Modern computers are equipped with processors that allow fast parallel computation at several levels: Vector or array operations, which allow to execute similar operations simultaneously on a bunch of data, and parallel computing, which allows to distribute data chunks on several CPU cores and process them in parallel. When working with large amounts of data, it is important to know how to exploit these features because this can reduce computation time drastically. Taking advantage of this usually requires some extra effort during implementation. With packages like NumPy and Python’s `multiprocessing`

module the additional work is manageable and usually pays off when compared to the enormous waiting time that you may need when doing large-scale calculations inefficiently.

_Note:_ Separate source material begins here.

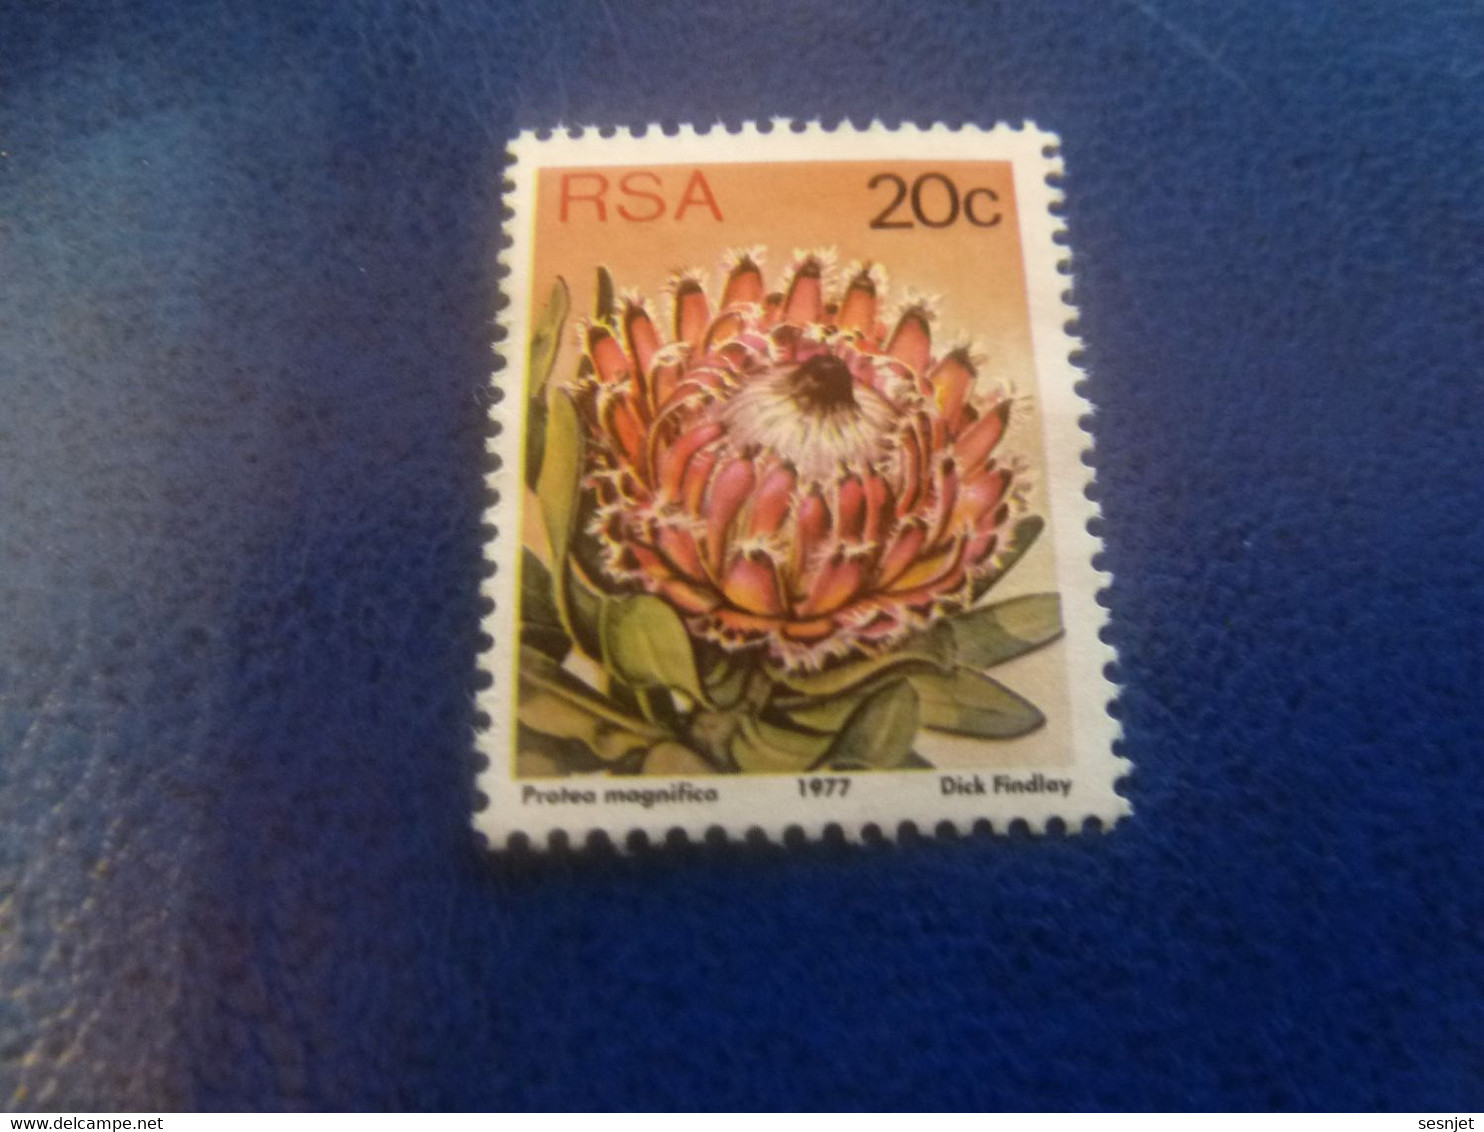 Rsa - Protea Punctata - Dick Findlay - 20 C. - Multicolore - Non Oblitéré - Année 1977 - - Oblitérés
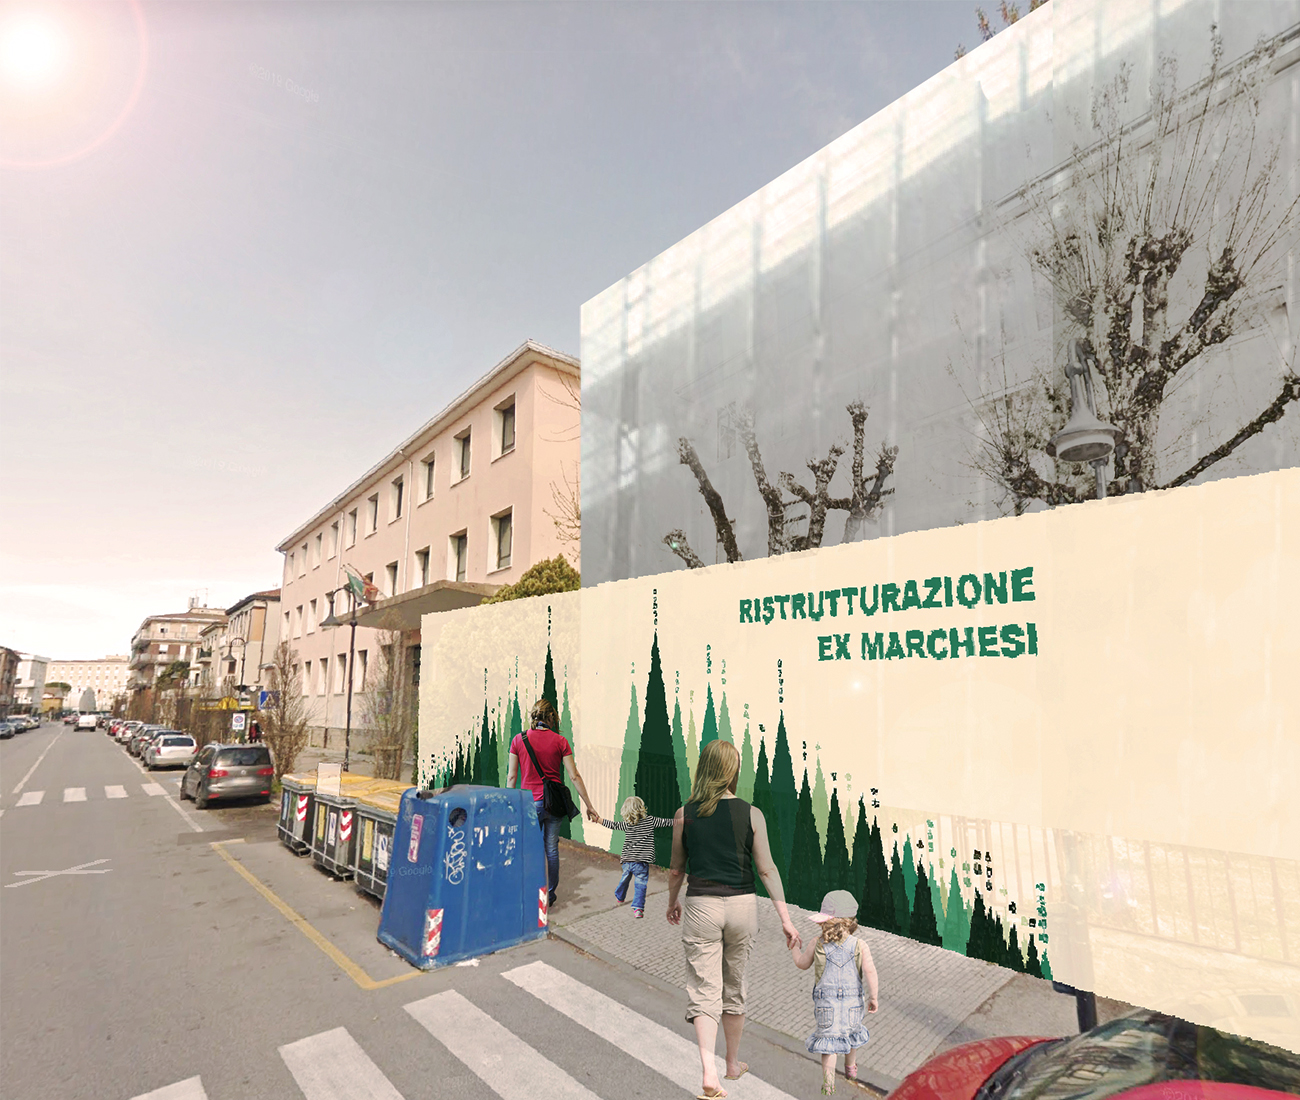 Ristrutturazione "Ex Marchesi" nel quartiere Arcella a Padova

### Dump the loops: Vectorization with NumPy

Many calculations require to repeatedly do the same operations with all items in one or several sequences, e.g. multiplying two vectors `a = [1, 2, 3, 4, 5]`

and `b = [6, 7, 8, 9, 10]`

. This is usually implemented with a loop (e.g. `for`

or `while`

loop) where each item is treated one by one, e.g. `1 * 6`

, then `2 * 7`

, etc. Modern computers have special registers for such operations that allow to operate on several items at once. This means that a part of the data, say 4 items each, is loaded and multiplied simultaneously. For the mentioned example where both vectors have a size of 5, this means that instead of 5 operations, only 2 are necessary (one with the first 4 elements and one with the last “left over” element). With 12 items to be multiplied on each side we had 3 operations instead of 12, with 40 we had 10 and so on.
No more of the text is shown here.